#### Input material ####

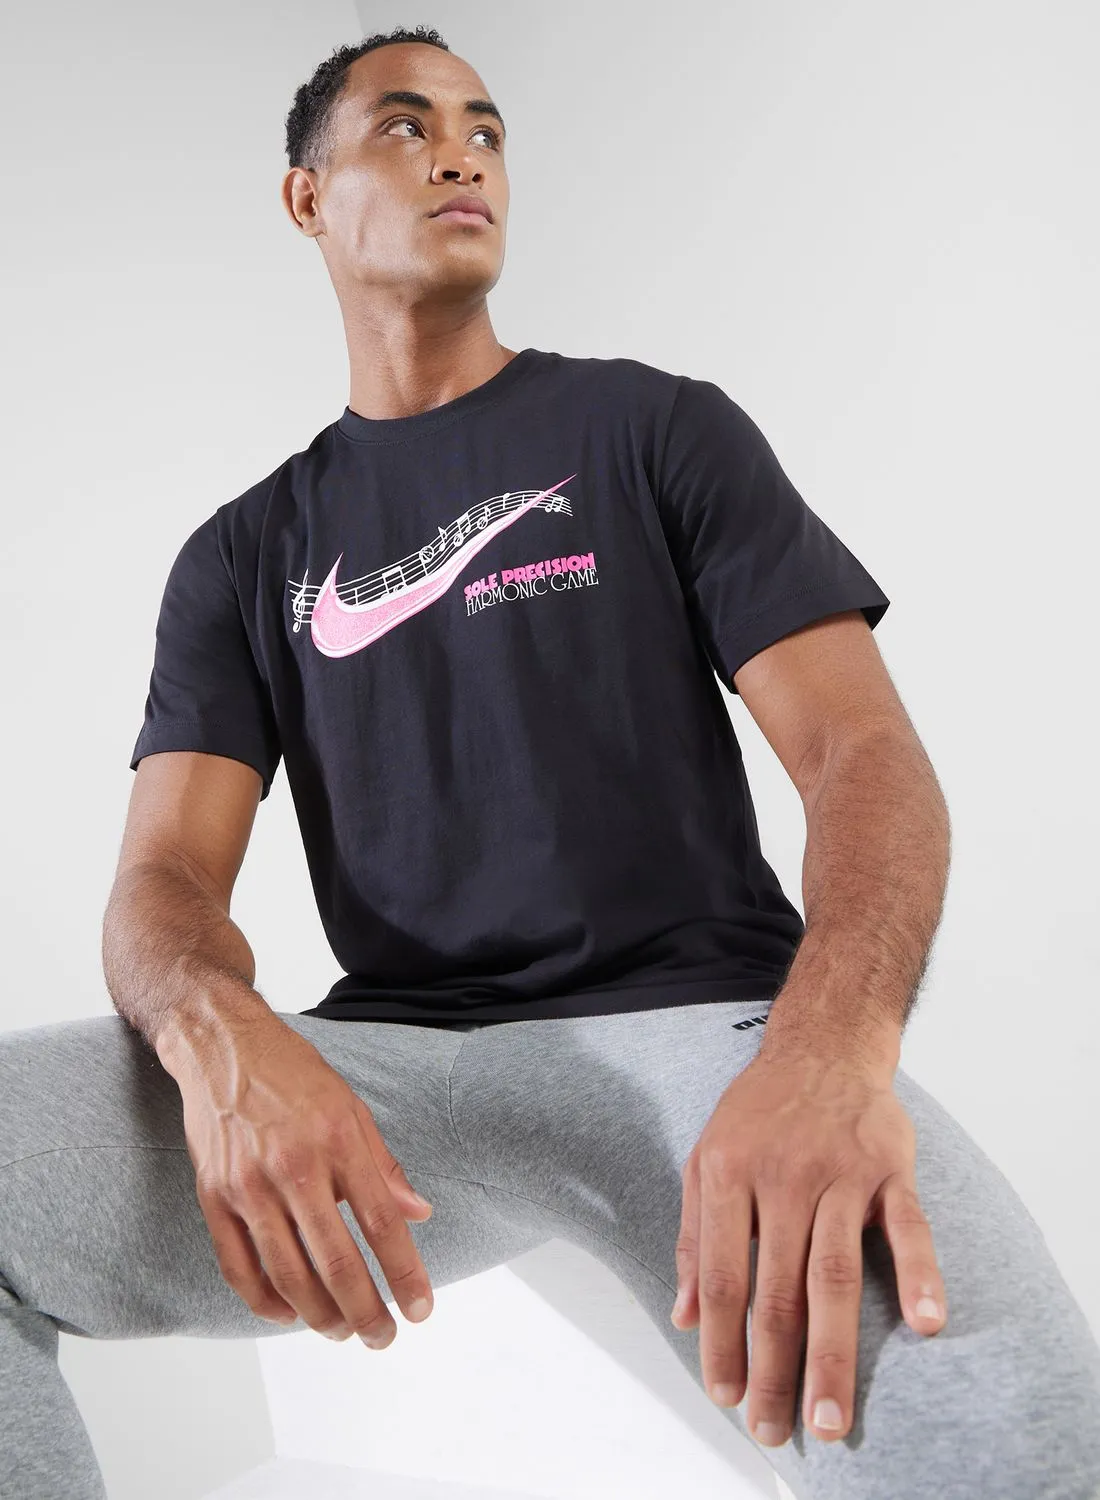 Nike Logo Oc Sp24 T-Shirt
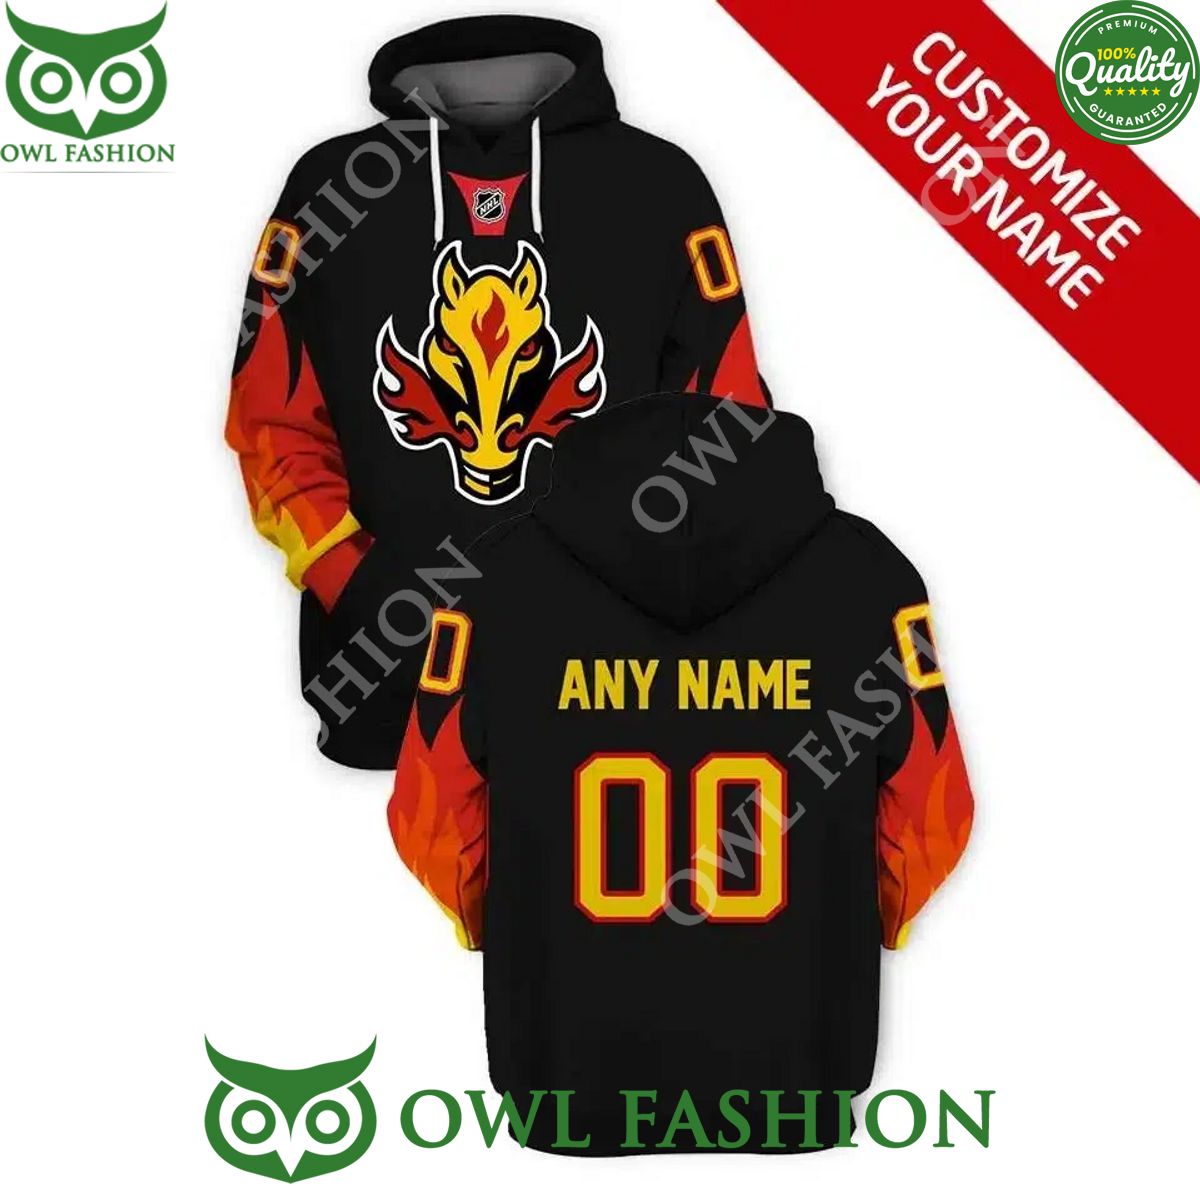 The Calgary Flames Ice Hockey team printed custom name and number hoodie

####
#### Input material ####

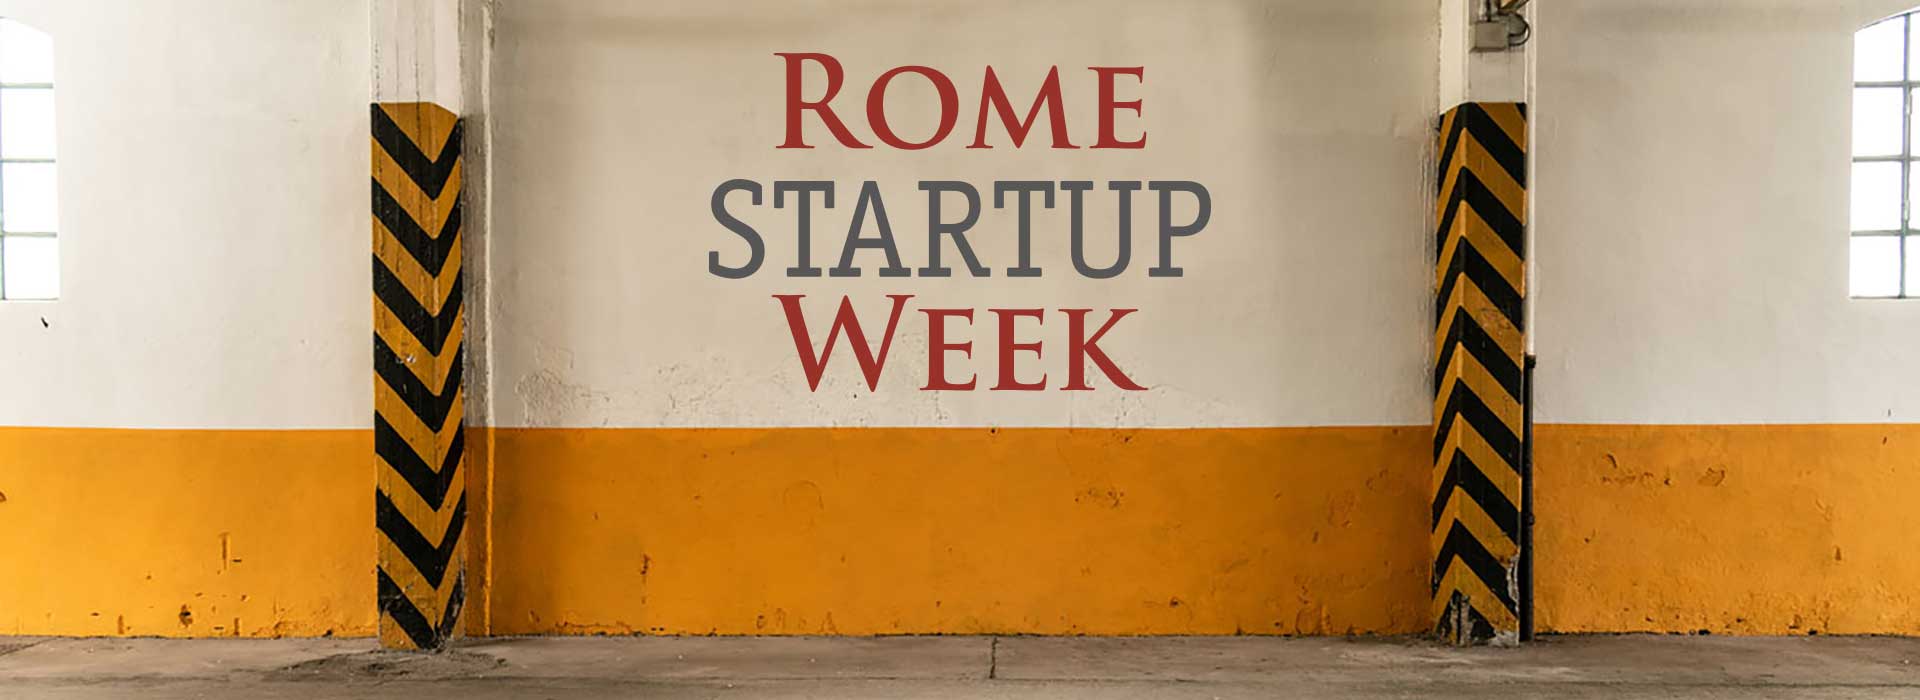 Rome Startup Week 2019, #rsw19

####
#### Input material ####

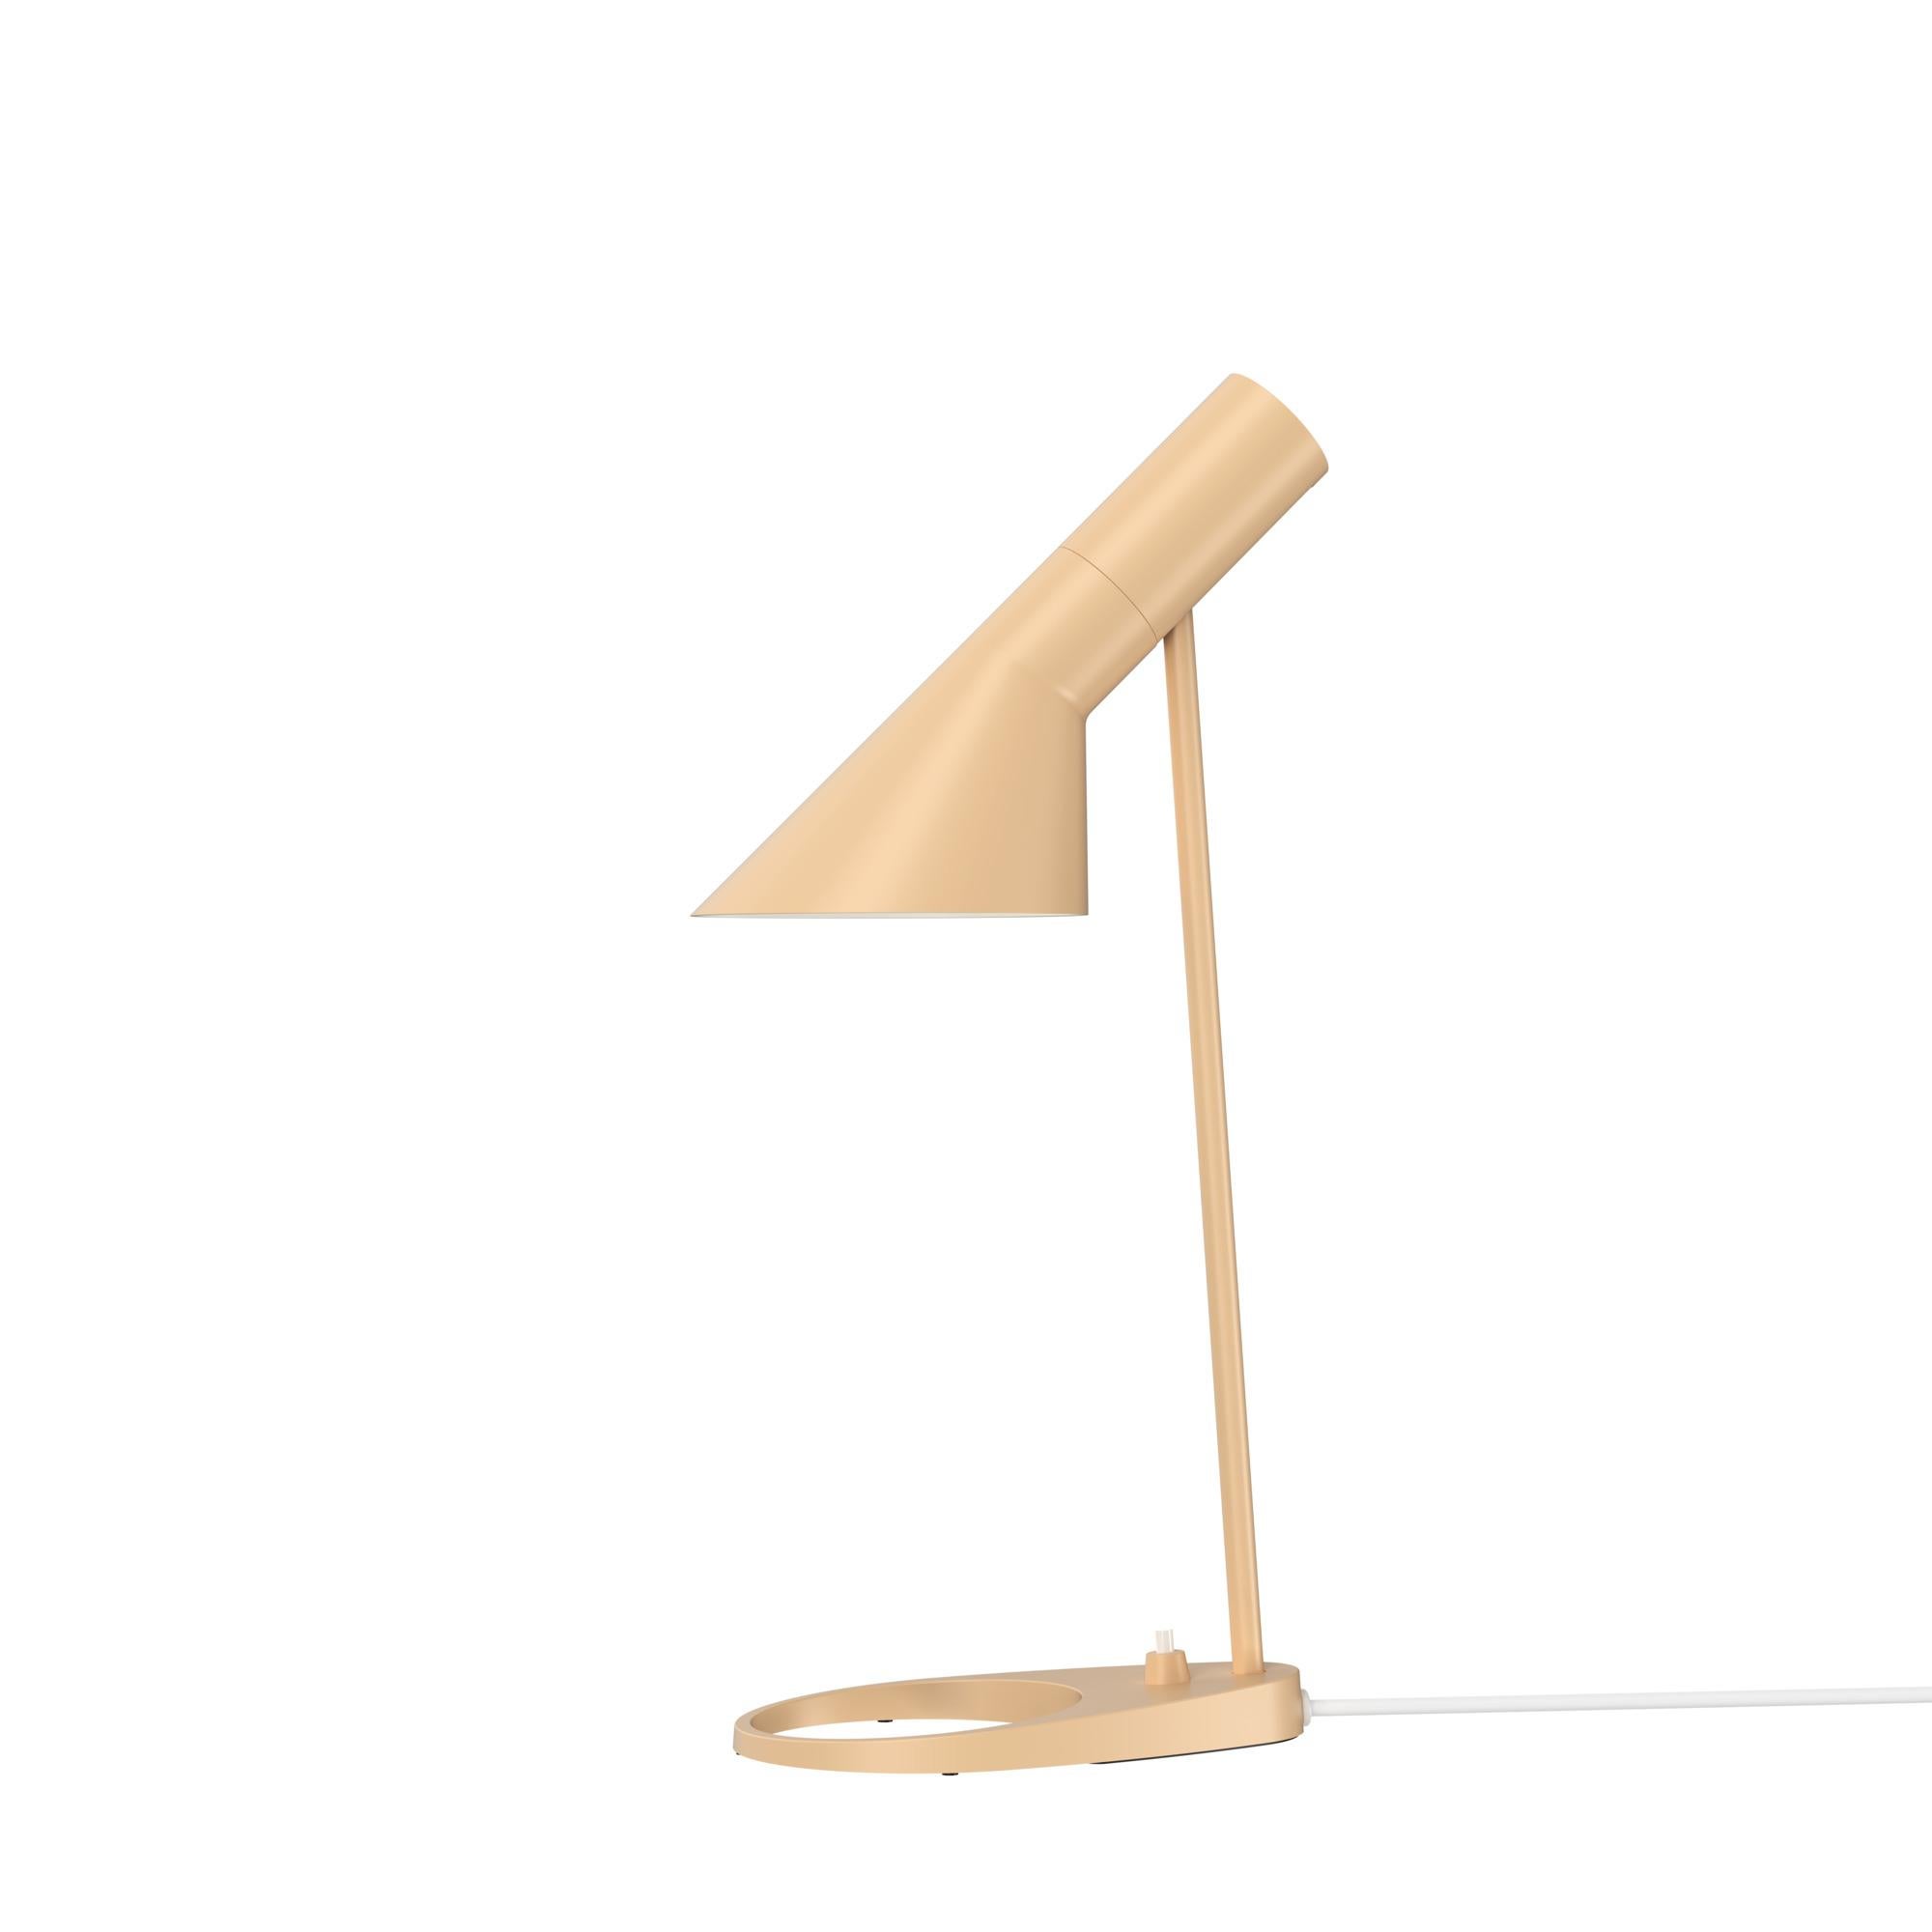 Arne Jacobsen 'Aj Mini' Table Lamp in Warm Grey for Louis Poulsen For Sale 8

####

> To do:
Within the material above, find the part that opens with the line containing "Nike Logo Oc Sp24 T-Shirt" and closes with the line containing "The Calgary Flames", and reproduce it exactly without the pictures.

> Result:
 Nike Logo Oc Sp24 T-Shirt
 The Calgary Flames Ice Hockey team printed custom name and number hoodie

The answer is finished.